<PAGE> 48
EXHIBIT 3.5
CERTIFICATE OF AMENDMENT OF ARTICLES OF INCORPORATION
OF
VISTA MEDICAL TERRACE, INC.
Nevada Corporation Number C- 2911-1990
KNOW BY ALL THESE PRESENTS:
That we, the undersigned, Directors being all natural
persons of the age of eighteen years or more and Lewis M. Eslick,
being the President, and Leslie B. Eslick, being the Secretary
desire to form a body corporate under the General Corporation
Laws of the State of Nevada do hereby sign, verify and deliver in
duplicate to the Secretary of State of the State of Nevada, these
Amended Articles of Incorporation:
[AMENDED SEPTEMBER 10, 1990]
[AMENDED THE 7th DAY OF SEPTEMBER 1996]
ARTICLE I
NAME
The name of the Corporation shall be:
VISTA MEDICAL TERRACE, INC.
[NOT AMENDED]
[NOT AMENDED]
ARTICLE II
That the principal office of this corporation is to be
located in the City of Reno, County of Washoe, State of Nevada,
at 6425 Meadow Country Drive, Reno, Nevada 89509; but the
corporation may maintain an office in such towns, cities, and
places within and without the State of Nevada as the Board of
Directors may from time to time determine, or as may be
designated by the By-Laws of the said corporation. The
Corporation shall exist in perpetuity, from and after the date of
filing these Articles of Incorporation with the Secretary of
State of the State of Nevada, unless dissolved according to law.

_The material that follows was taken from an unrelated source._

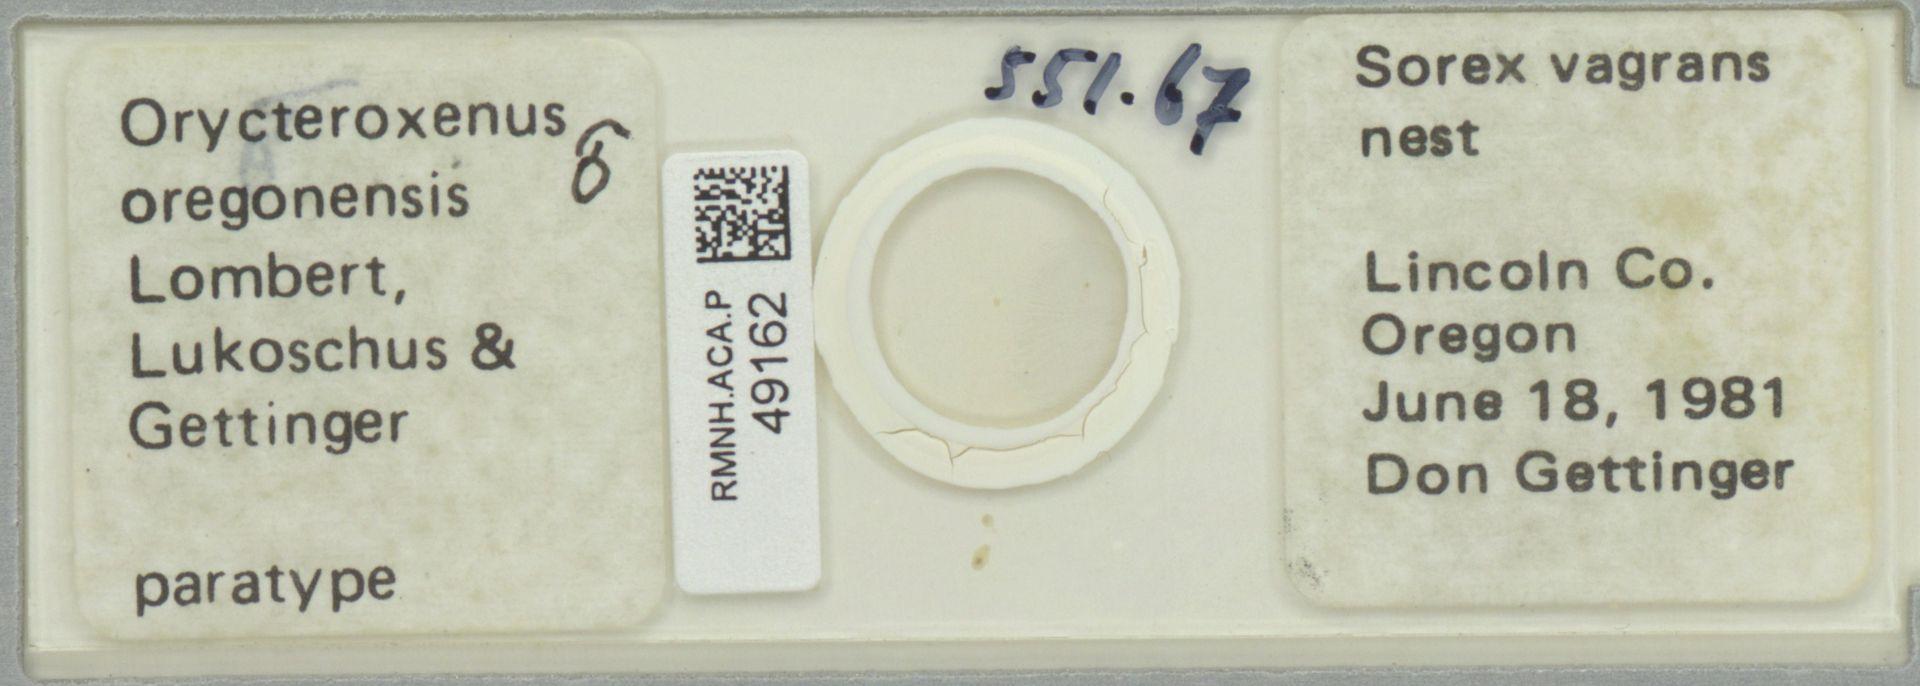 RMNH.ACA.P.49162   Orycteroxenus oregonensis Lombert, Lukoschus & Gettinger

The resident agent of the corporation will be: LEWIS M. ESLICK,
6425 Meadow Country Drive, Reno, Nevada 89509.
[AMENDED SEPTEMBER 10, 1990]
[AMENDED THE 7th DAY OF SEPTEMBER 1996]
<PAGE> 49
ARTICLE III
PURPOSES AND POWERS
1. Purposes:
Except as restricted by these Articles of Incorporation, the
Corporation is organized for tile purpose of transacting all
lawful business for which corporations may be incorporated
pursuant to the Nevada Corporation Code.
1.1 To perform any manner of services for the general
public.
2. General Powers:
Except as restricted by these Articles of Incorporation, the
Corporation shall have and may exercise all powers and
rights which a corporation may exercise legally pursuant to
tile Nevada Corporation Code.
2.1 To draw, make, endorse, accept. endorse, discount.
execute and issue promissory notes, bills of exchange.
warrants and other negotiable or transferable instruments.
3. Issuance of Shares:
The Board of Directors of the Corporation may divide and
issue any class of stock of the Corporation in series
pursuant to a resolution properly f 1 led with the Secretary
of State of the State of Nevada. Such stock may be issued
from time to time without action by the stockholders, for
such consideration as may be fixed from time to time by the
Board of Directors, and shares so issued, shall be deemed
fully paid stock, and the holder of such shares shall not be
liable for any further payment thereon.
3.1 The corporation as directed by the Board of Directors
may issue bonds, debentures or obligations of this
corporation from time to time and to borrow money for any of
the objects or purposes of the corporation, and to severe
the same by mortgage, pledge, deed of trust or otherwise.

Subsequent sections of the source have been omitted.